General Sherman to General Schofield, August 1, 1864: "You may fire from ten to fifteen shots from every gun you have in position into Atlanta that will reach any of its house. ... Thomas and Howard will do the same." [rb: This confirms General Hood's comment on your link that Sherman fired into the homes of women and children.]

General Sherman to General George H. Thomas, November 11, 1864: "… Last night we burned Rome, and in two or more days will burn Atlanta ..."

General William D. Whipple to General D. S. Stanley, November 13, 1864: "General Sherman left Kingston yesterday morning; camped at Allatoona last night; will probably reach Atlanta to-morrow, whence he starts on his trip south. He has already burnt Rome, and says he is going to burn Atlanta and other towns south."

Here is a short description of what happened to Atlanta from the following web site about the Atlanta fire [Sherman in Georgia]

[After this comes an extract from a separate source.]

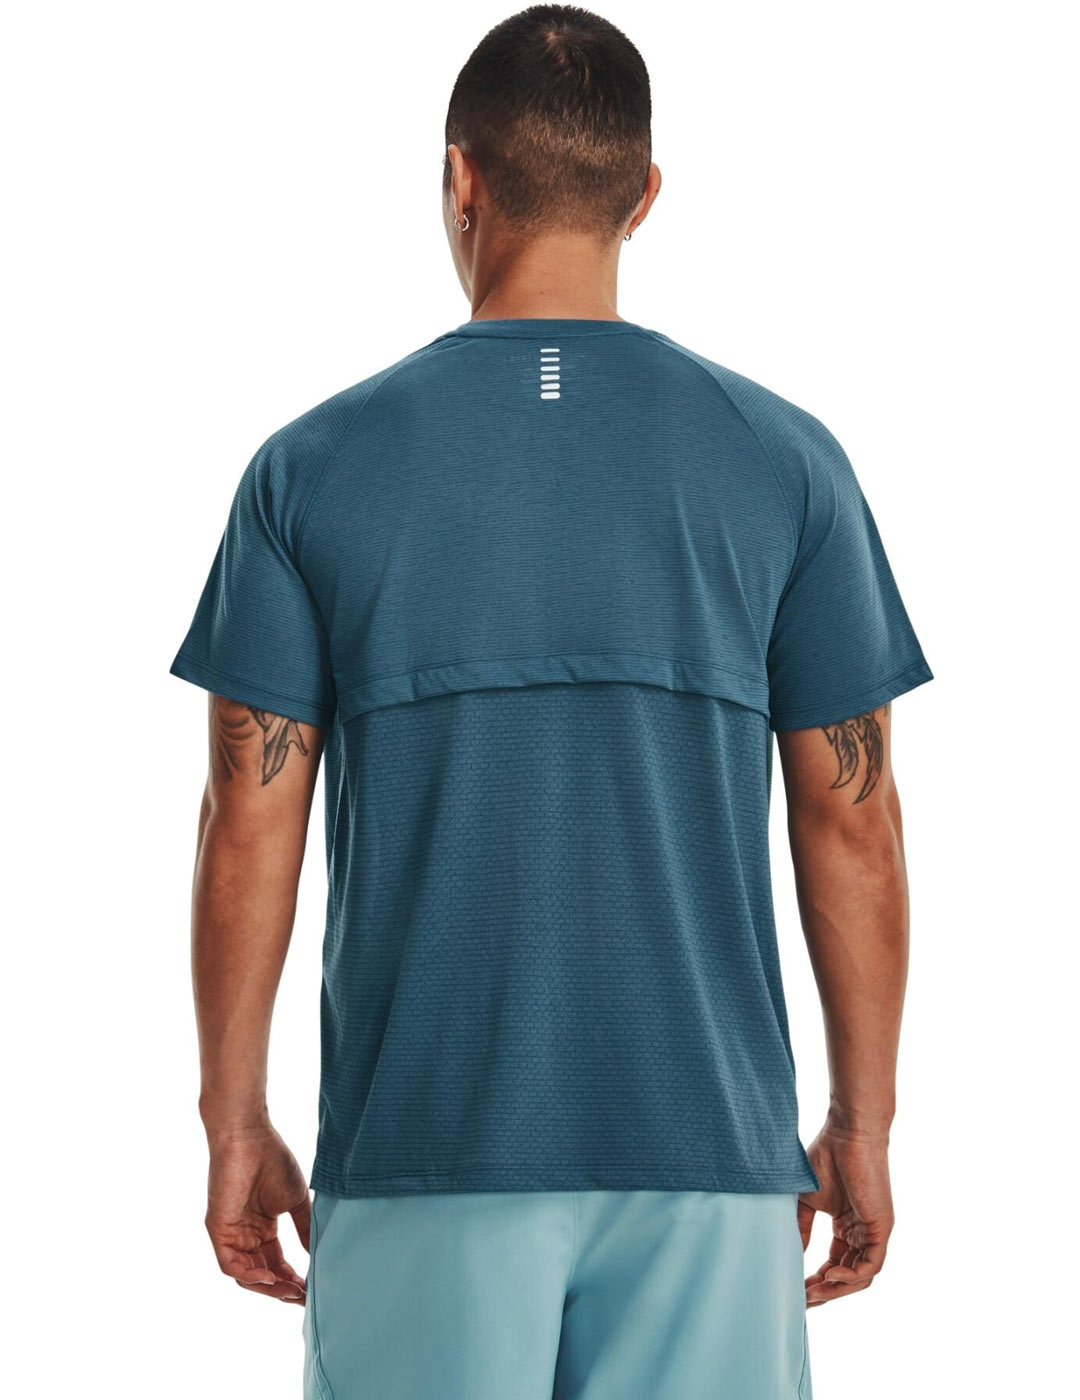 camiseta tecnica  manga corta under armour hombre UA STREAKER azul

Under Sherman's orders Capt. O. M. Poe "thoroughly destroyed Atlanta, save its mere dwelling-houses and churches." The destruction was by fire purposely applied to buildings, and permitted to spread, as was expected, from house to house until the defenseless city was almost entirely reduced to ashes. No efforts were made to prevent the spread of the conflagration, and scarcely any structure was designedly spared. Only about 450 buildings escaped this ruthless burning, among them many churches, which in those days generally stood apart from other buildings. The thoroughness of the destruction can be realized, when we consider that by the census of 1860 Atlanta had a population of 10,000, which in 1864 had increased to 14,000. More than 4,000 houses, including dwellings, shops, stores, mills and depots were burned, about eleven-twelfths of the city.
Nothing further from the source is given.